- **About this exercise**: From top to bottom, write out the listing exactly and skip every picture.

- **Collected material**:
* * *

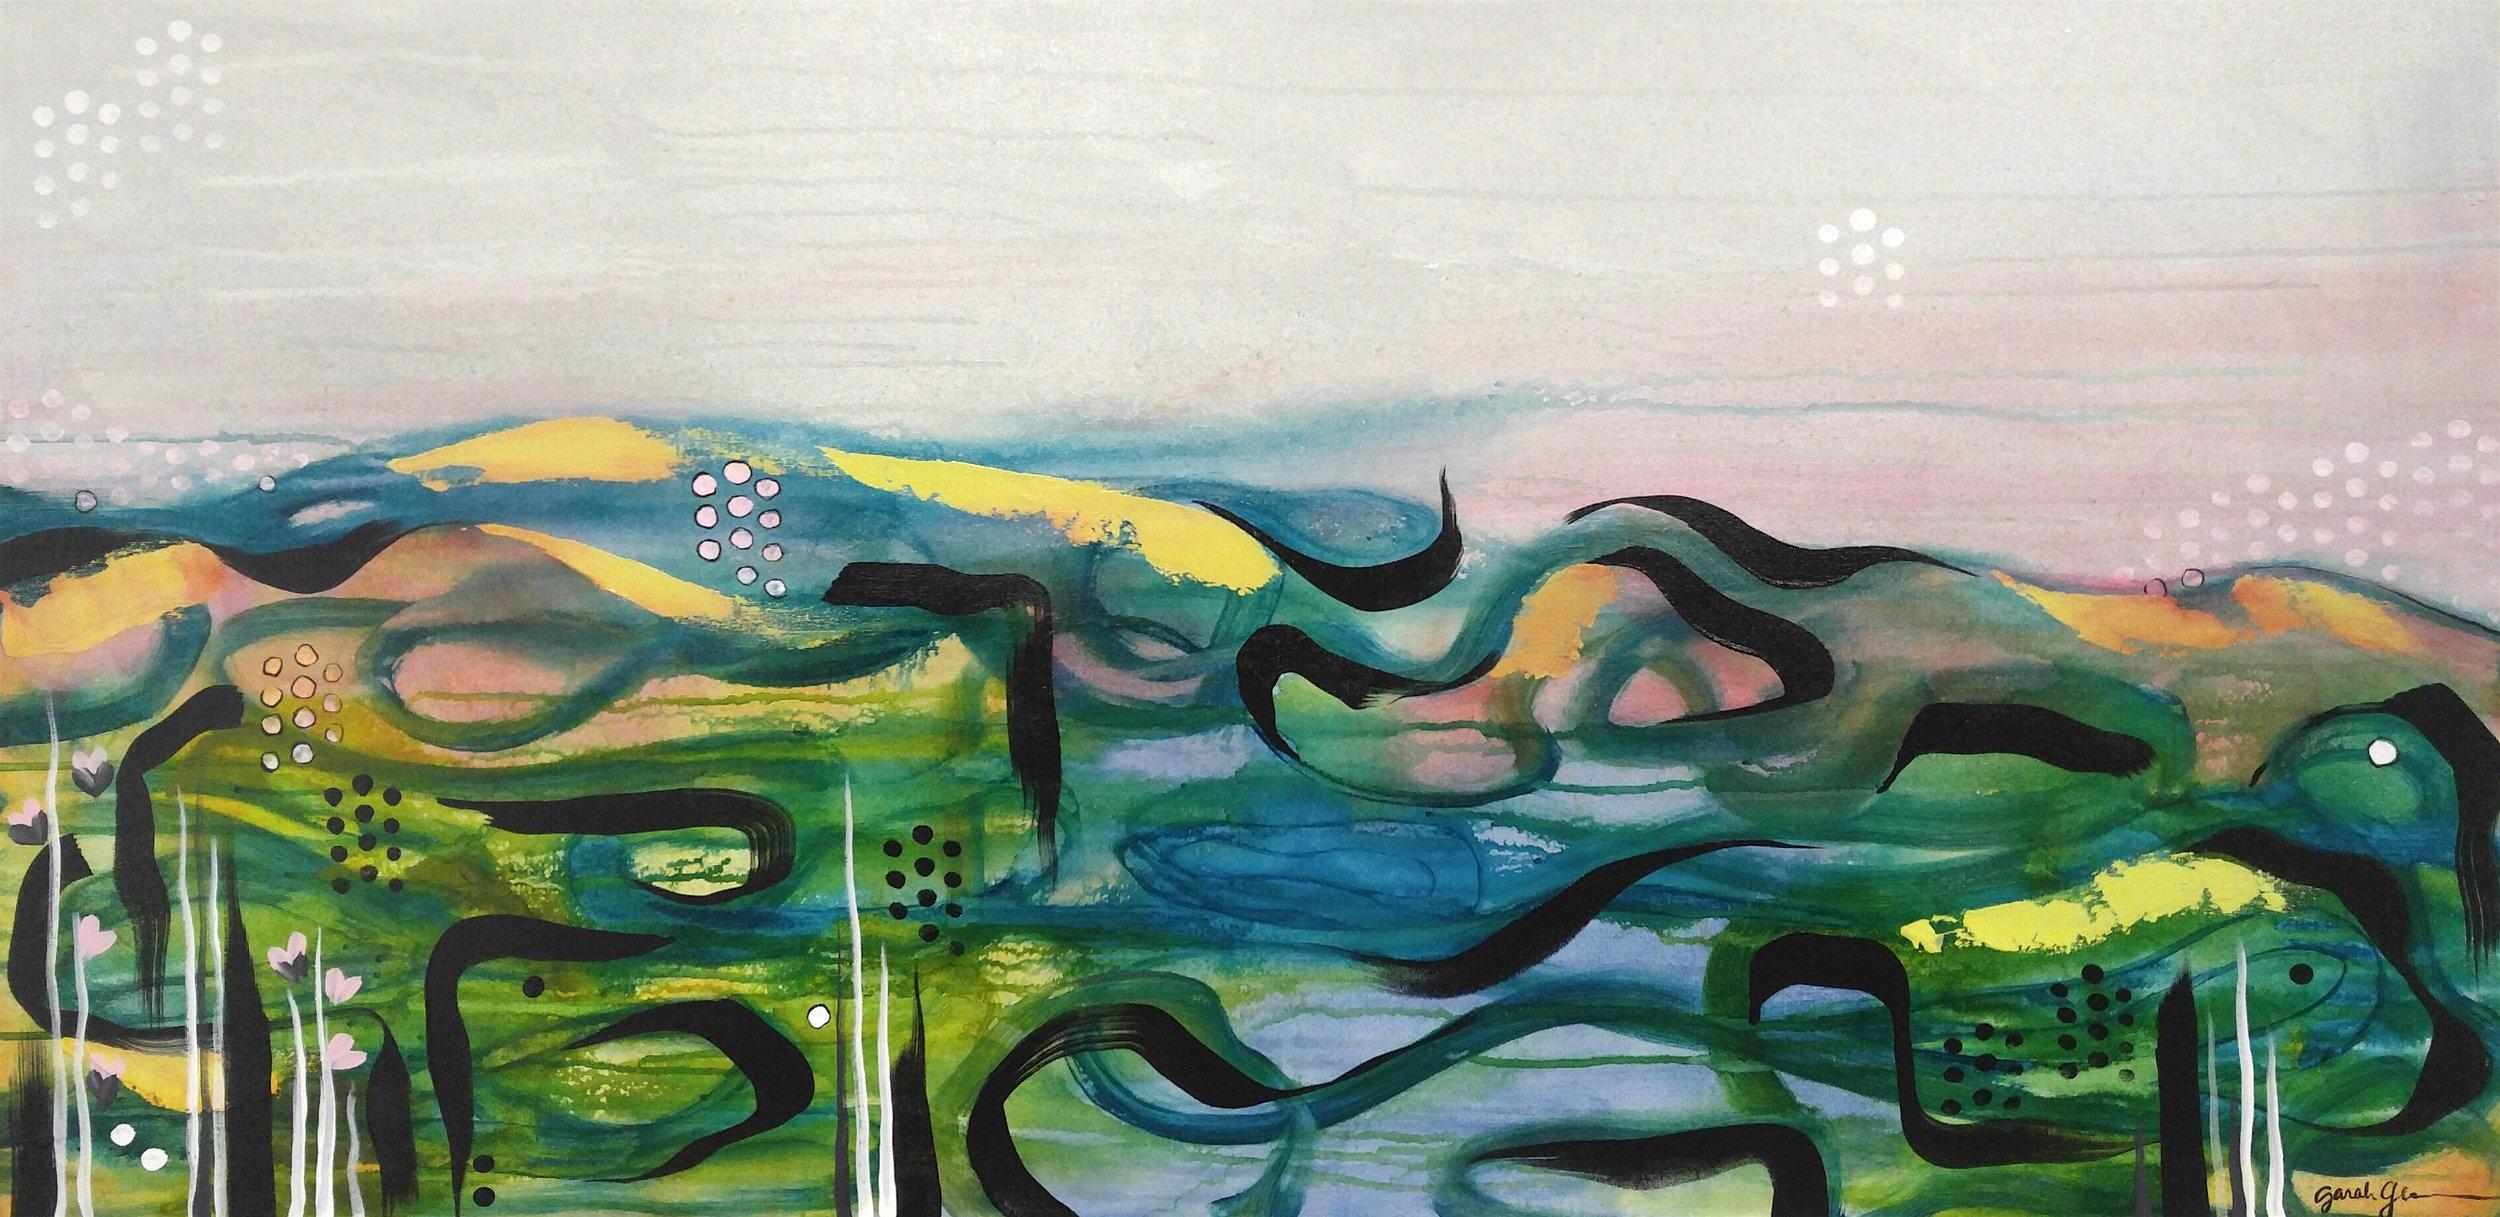 Her Earliest Stars  | 24 x 48 inch acrylic on canvas
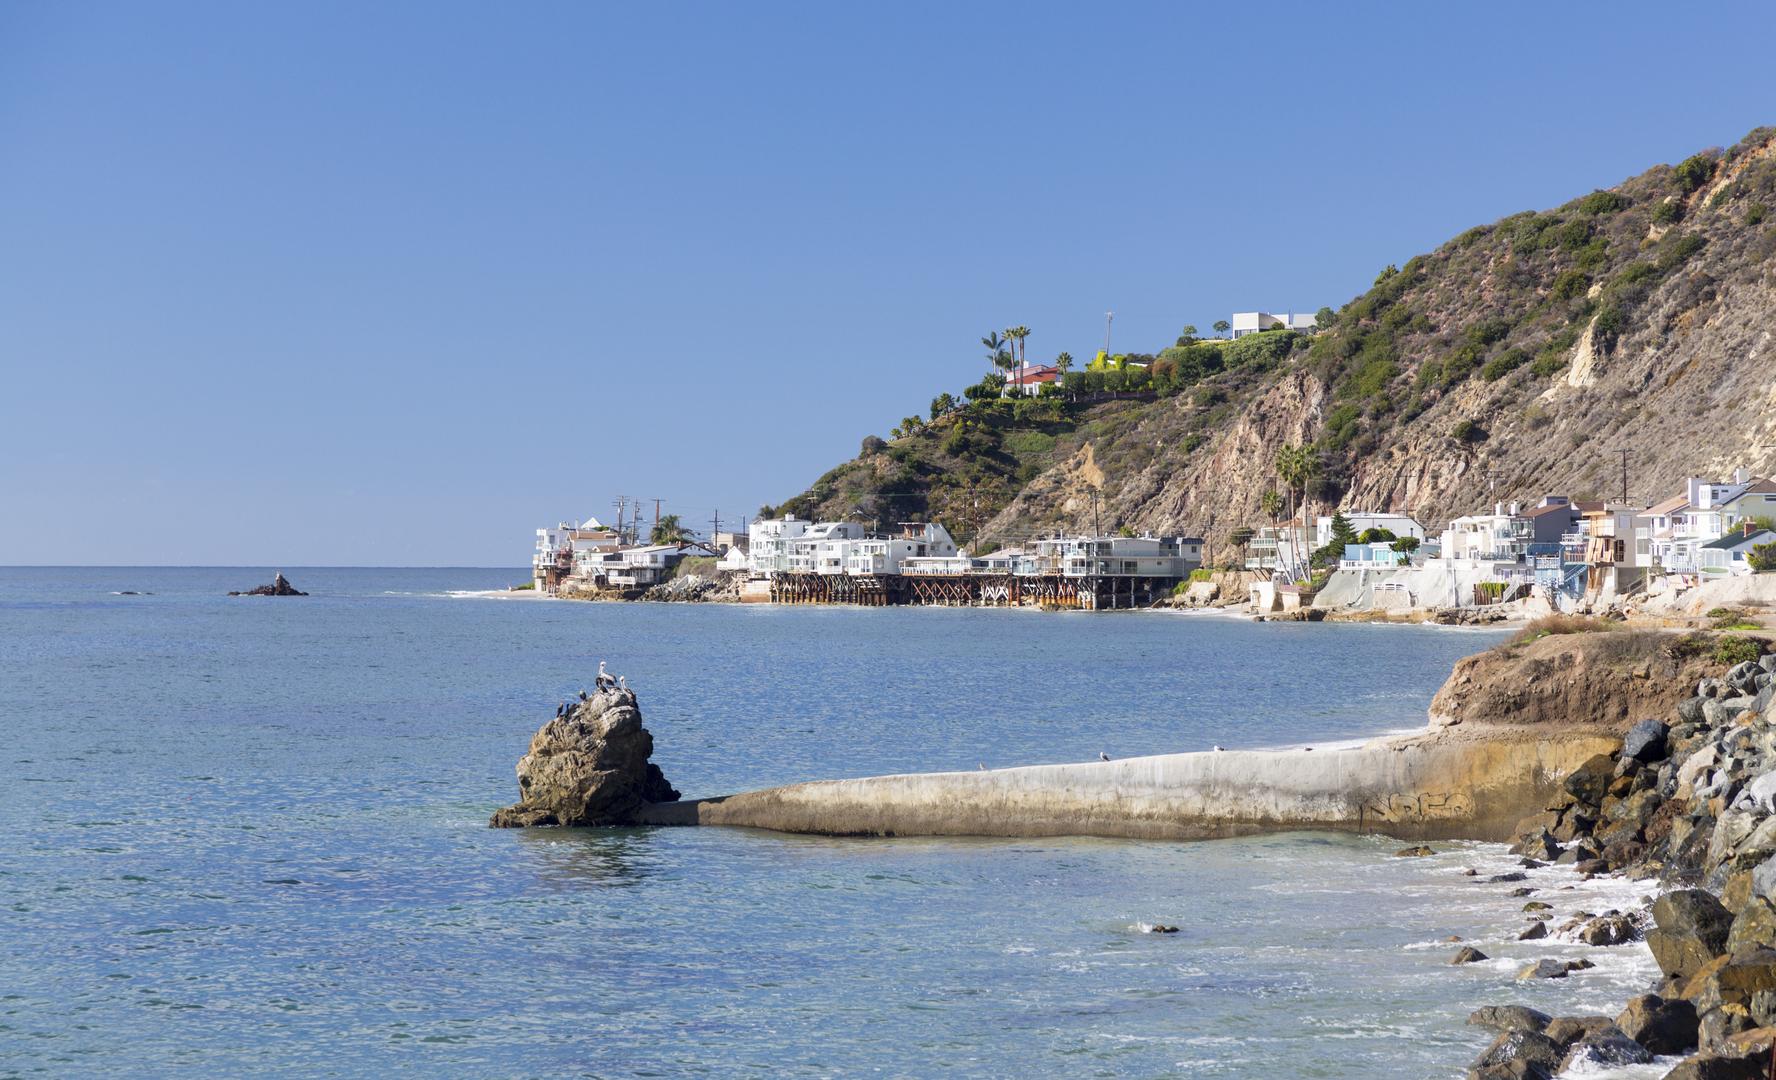 Modern houses overhang ocean and waves in Malibu California
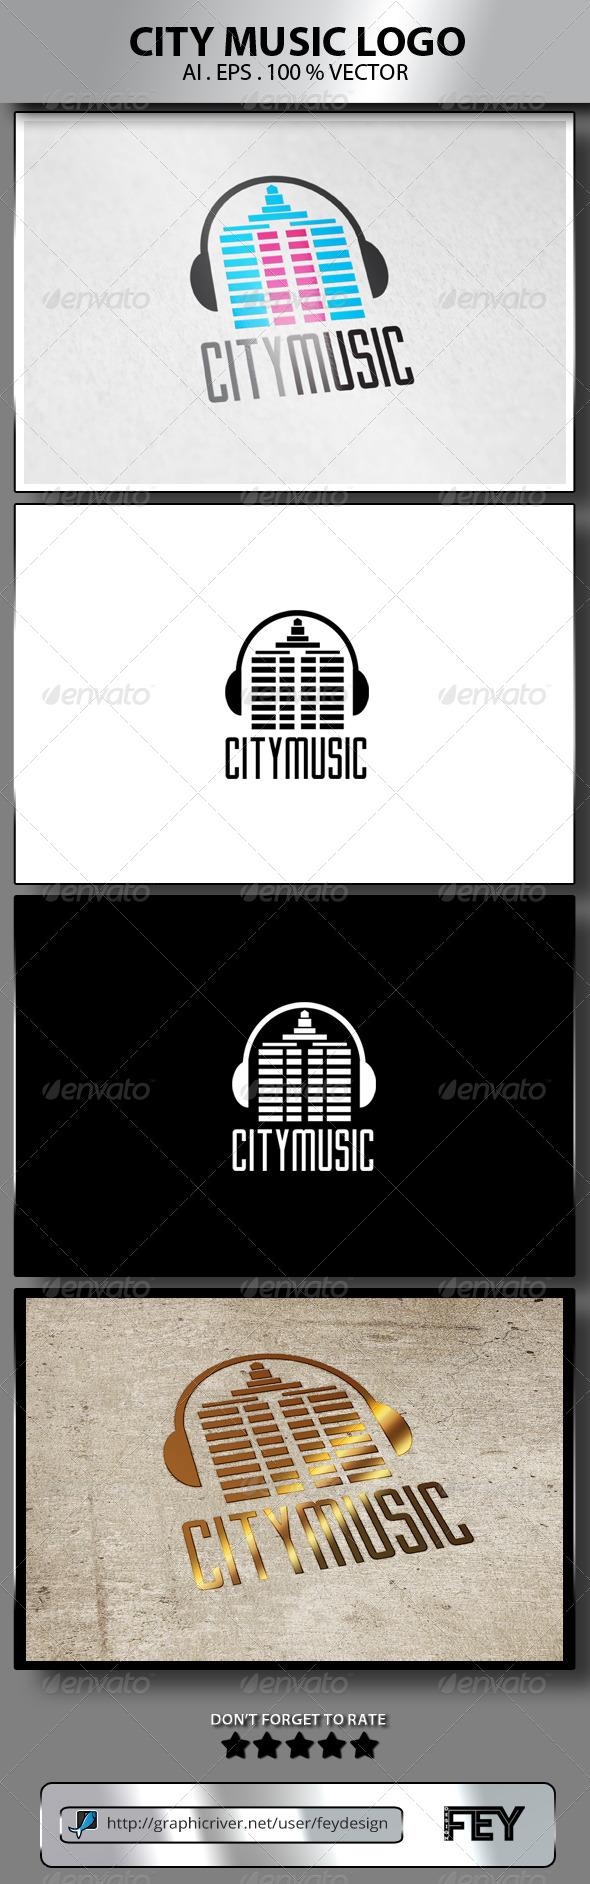 City Music Logo
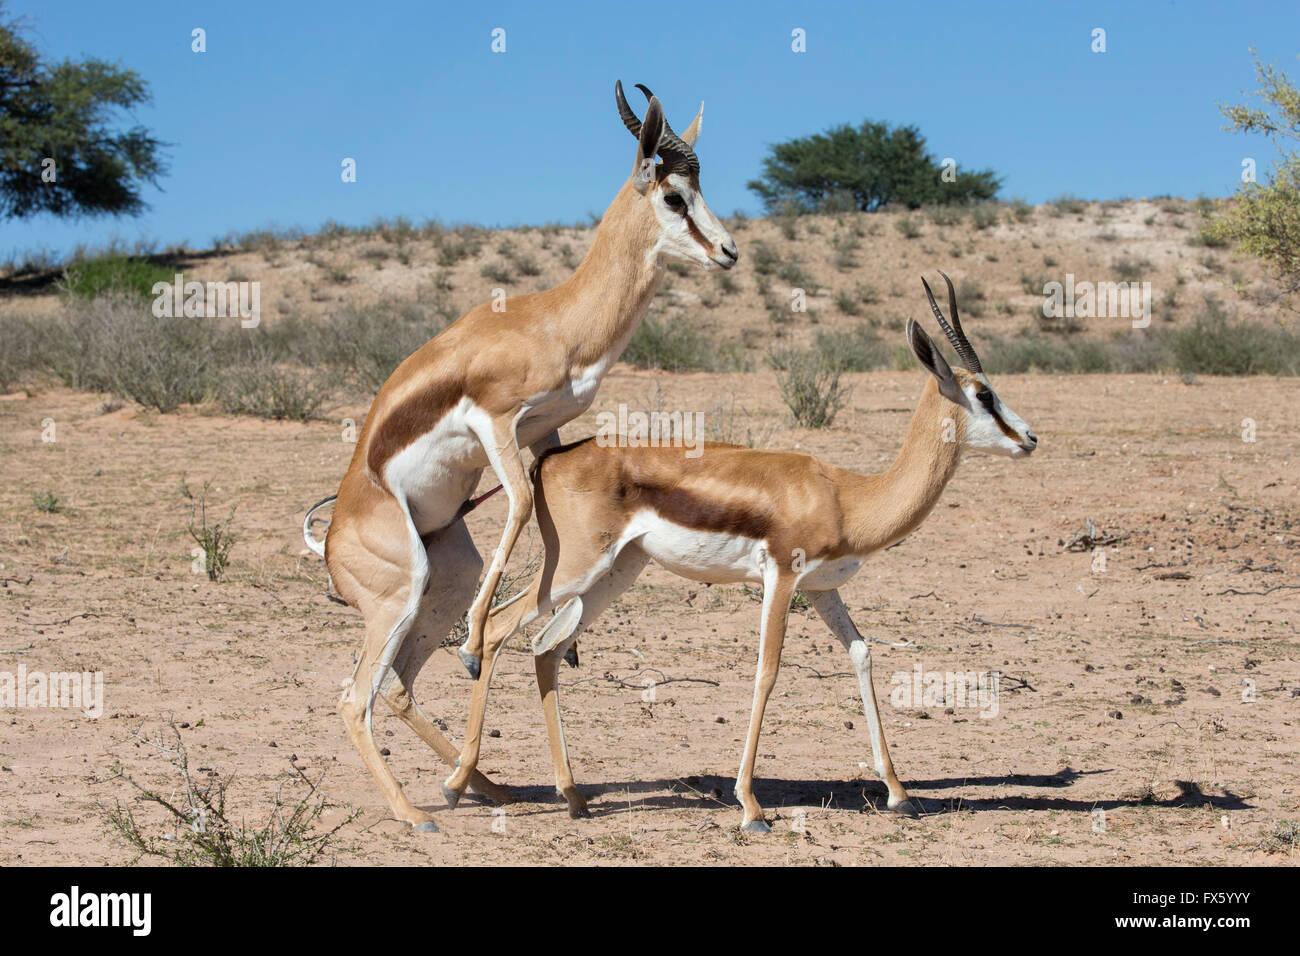 Springbok (Antidorcas marsupialis) mating, Kgalagadi Transfrontier Park, South Africa - Stock Image

* * *

- **Answer area**:
 Her Earliest Stars  | 24 x 48 inch acrylic on canvas
 Modern houses overhang ocean and waves in Malibu California
 City Music Logo
 Springbok (Antidorcas marsupialis) mating, Kgalagadi Transfrontier Park, South Africa - Stock Image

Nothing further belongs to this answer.